Шрифт:
Интервал:
Закладка:
— Он мне мешает играть! Я не могу заниматься при чужих!
Ты молча убирала и исчезала, а метроном стучал, и мое время утекало с той неторопливостью, которая потом сменяется бестолковой спешкой…
Однажды Валька заснул на диванчике. И во сне он продолжал прижимать к груди матерчатого слона в зеленой курточке. Струйка слюны сползла на подушку, на вышитого попугая, и я торжественно ткнула туда перстом — это была твоя любимая подушка, и я втайне надеялась на возмездие. Но ты принесла тряпочку и крепко обтерла бледные губы.
Варвара явилась на другой день. Валька сидел под роялем и безуспешно пытался подманить Мишку. Валька прекрасно понимал дистанцию между собой — тощеньким, в заношенной рубашке, в хлюпающих девчачьих башмаках, — и котом царственного вида. В счастье он не верил, но просто могла выпасть удача — погладить по глянцевой спинке, почесать за лоснящимся ухом. Мишка восседал на верхней полке этажерки, прямо на «Детском альбоме» Чайковского, и позволял собой любоваться. Варвара выросла на пороге, и Валька, вздохнув, выполз из-под рояля и остановился позади меня.
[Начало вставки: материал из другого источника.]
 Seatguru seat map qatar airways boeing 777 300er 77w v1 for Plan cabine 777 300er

Он не держался за мою руку — четко знал свои права, — но одновременно как бы и пользовался правом экстерриториальности, пока оно на него распространялось самим фактом его пребывания под сенью моей юбки.
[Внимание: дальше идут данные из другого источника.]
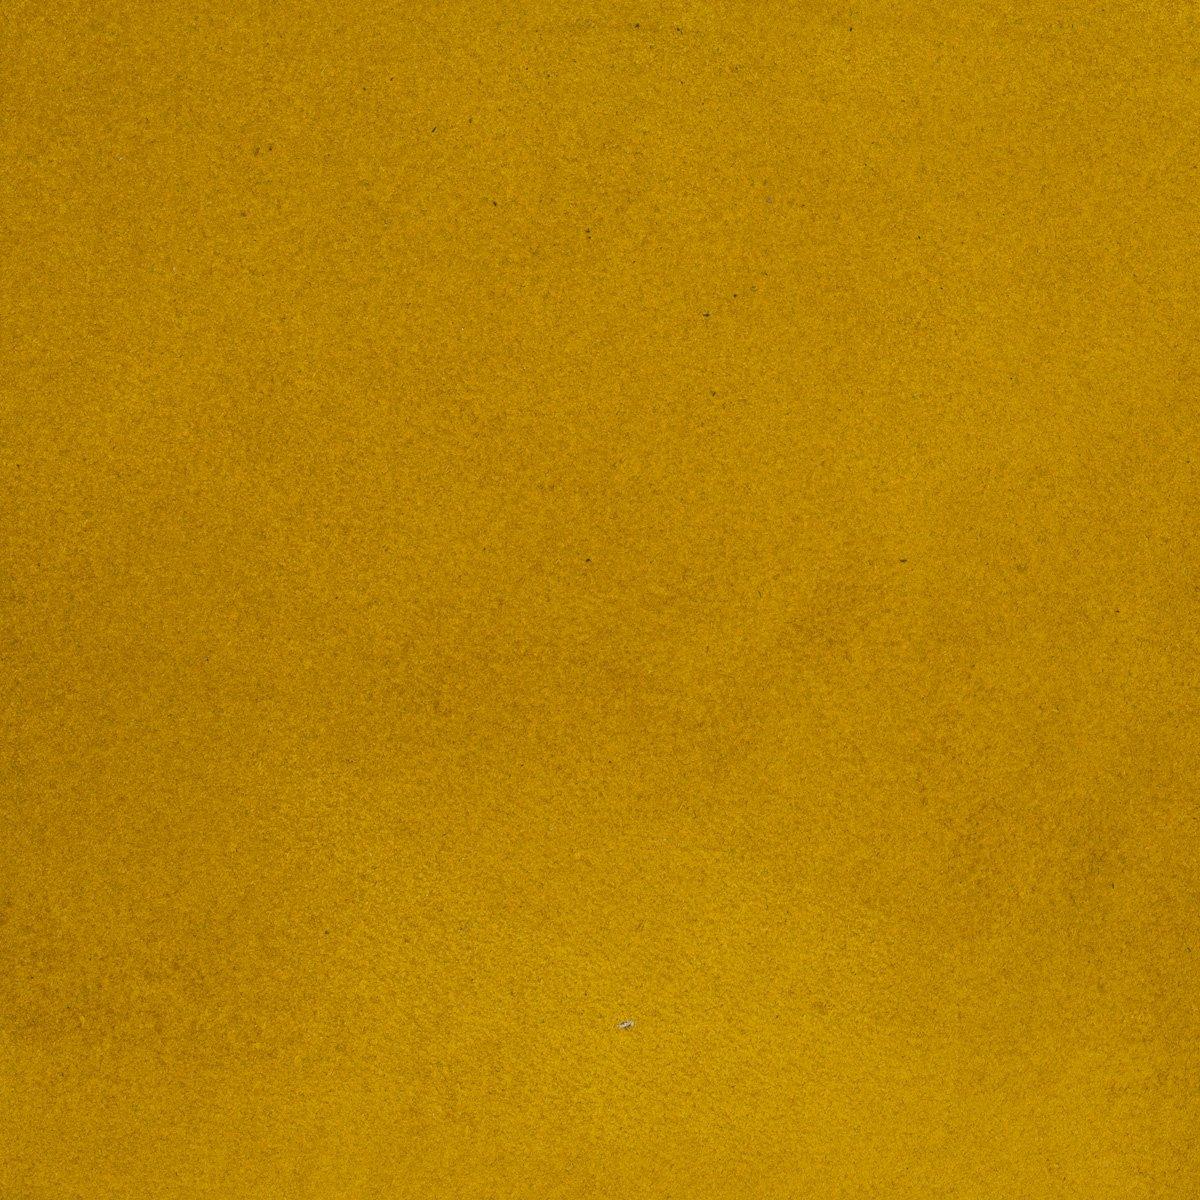 J.FitzPatrick Footwear Yellow Suede

— Ну что, не надоел мой малец? Нет? Ну ладно, поигрались — и будя, — она неожиданно ловким движением выхватила мальчишку из-за моей спины и потащила к выходу. От ее ватника пахло свежими опилками, и табаком, и сапогами, и доски пола слабо постанывали под ней. И тут тихий Валька завизжал. Он приседал и ехал по полу, не делая ни одного протестующего движения, и из его разинутого рта вырывались неслыханные звуки. Я побежала вслед.
— Отпустите! Что вы делаете!
Варвара выкинула орущего мальчишку на площадку и обернула ко мне плоское, оскаленное лицо. Дверь захлопнулась.
Вечером ты сидела в кухне, уронив руки между колен, и полосатый передник чуть колыхался от дыхания.
— Почему у нее не отнимут ребенка? Ведь ее все во дворе знают! Он ее так боится! Она его, наверно, бьет! Ну чего ты молчишь?
— Да, — сказала ты, — бьет. Иди мойся. Пора спать.
Варвара и Валька скоро исчезли, и ты хмурилась, отворачивалась в ответ на мои приставания: «Ну, значит, уехали».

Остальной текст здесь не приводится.